Following hard on the heels of your editorial 'United we stand?' (see [2007] Gazette, 16 August, 12) came the government's announcement that home information packs (HIPs) will be rolled out to include three-bedroom properties from 10 September. Make no mistake, this represents the biggest threat to solicitors retaining their share of the conveyancing market that the legal profession has ever seen.


It is all very well saying on the front page of the Gazette that we should 'collaborate with local estate agents to put together an information pack to assist clients', but that is akin to sleeping with the enemy. It is the estate agents who are now gunning for our conveyancing business and your editorial is quite right in advocating looking to Scotland to see how we should now be marketing our conveyancing services in tandem with selling houses.

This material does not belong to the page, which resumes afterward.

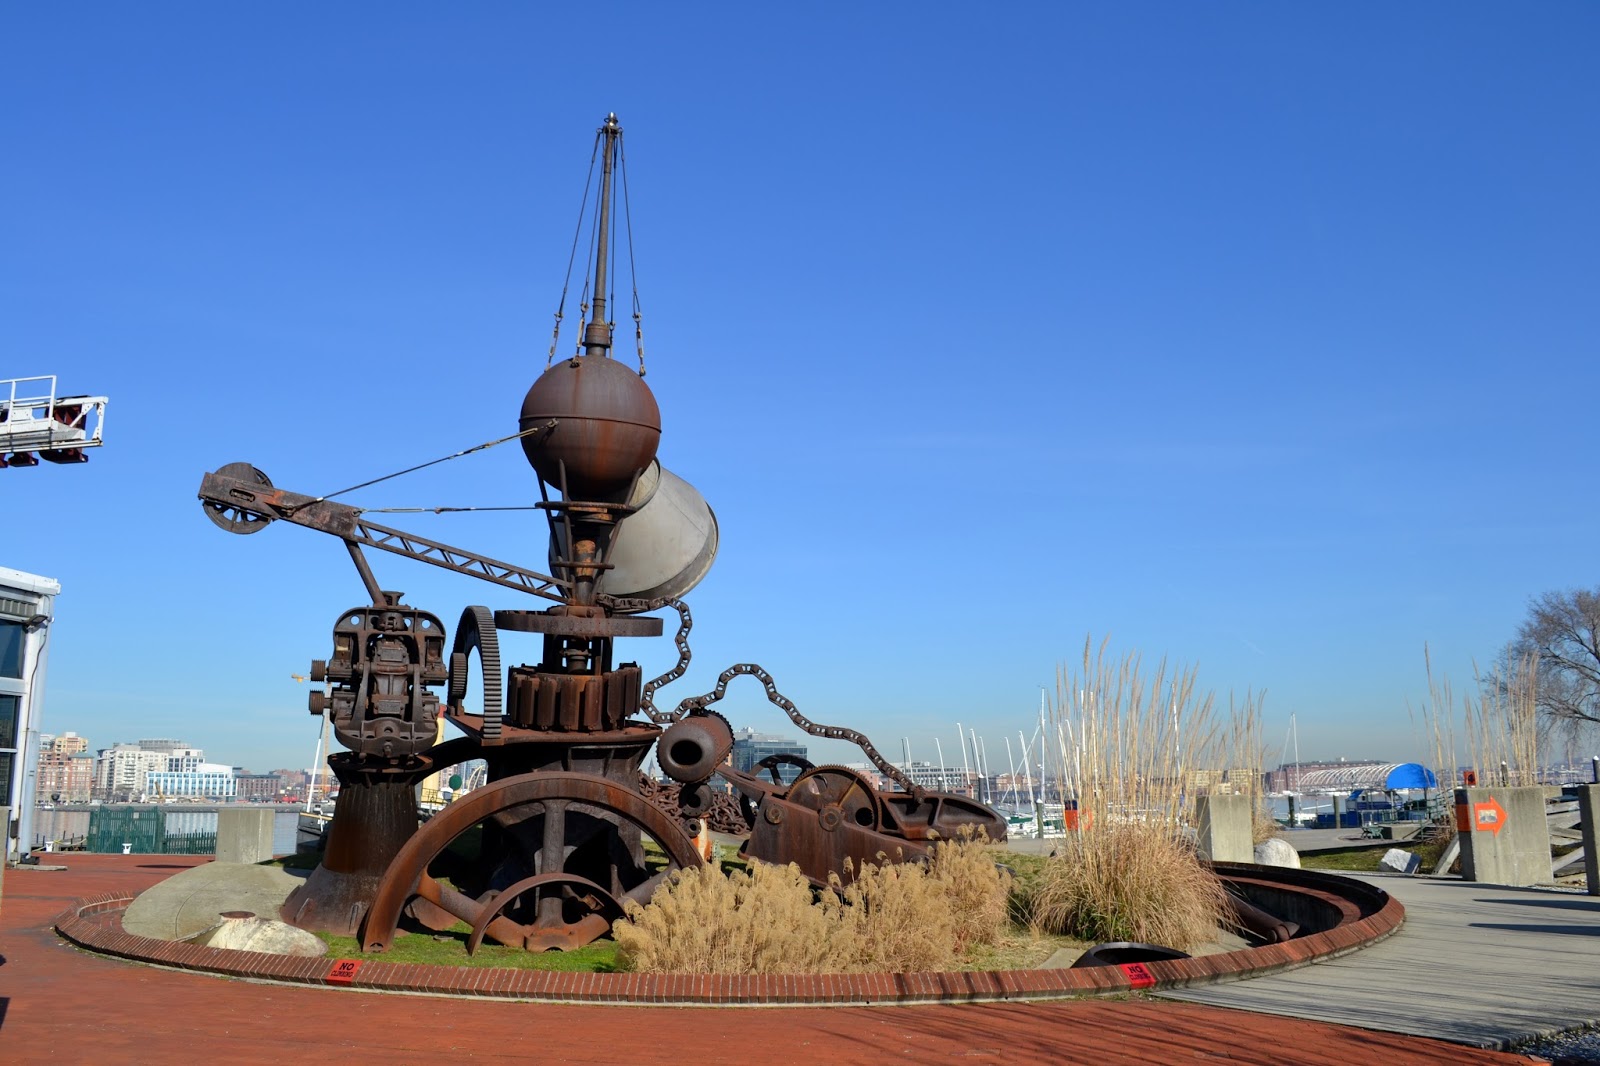 Балтиморский музей промышленности, Балтимор, Мэриленд (The Baltimore Museum of Industry)

The really big plus-factor for solicitors in the present marketplace, if we accept that HIPs are here to stay, is that again for the first time in my professional life we actually have the opportunity to get to the clients first before the estate agents and other intermediaries. If we collectively as lawyers work together to promote the fact that, when all is said and done, the HIP is a legal document and as such it can only properly be prepared by a lawyer, then we have a chance to save our conveyancing practices.



If the estate agents and HIP providers win that battle, then we lose the war, because our conveyancing clients are already being sold by estate agents to other solicitors and conveyancers in exactly the same way as the claim farmers have been selling personal injury clients. As a consequence, conveyancing fees will be driven down by the agents and intermediaries playing us off against each other to, in the words of Yvette Cooper, 'get a better deal for the consumer'. All very well, Yvette, but according to the Sunday Times, in the last ten years the average stamp duty levy on each property has increased tenfold, estate agency fees have almost trebled but lawyers fees have dropped on average by 20%.

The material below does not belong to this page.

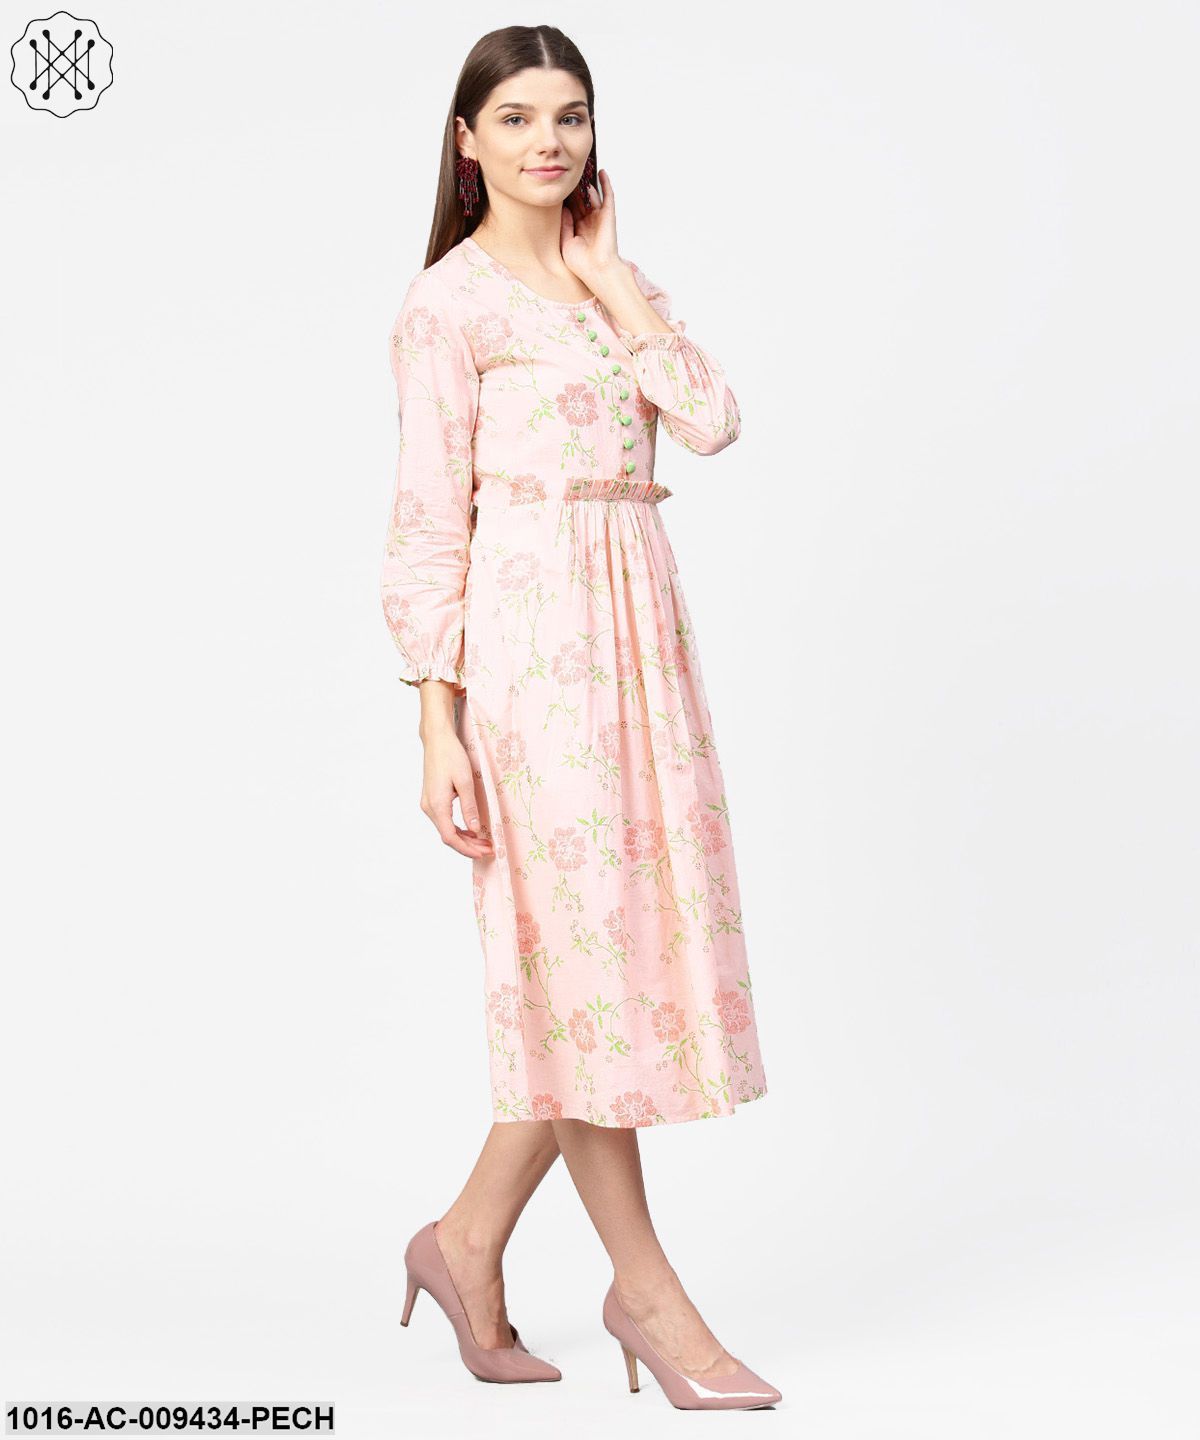 Peach Printed 3/4Th Sleeve Cotton A-Line Dress

It's a slippery slope that will lead to ruin for many high street conveyancers unless, as a profession, we act now collectively both to corner the HIP market and start to sell houses direct. Give it five years and estate agents will control the conveyancing market on house sales unless we partner with them or do it ourselves. It has happened in Denmark, and if HIPs are here to stay, then for sure it will be replicated here.



In the same way that our criminal practices have been decimated by the government's disgraceful policies on legal aid, our conveyancing work is now going the same way unless we act now to stop the rot. In the words of Roy Keane, 'fail to prepare and prepare to fail'.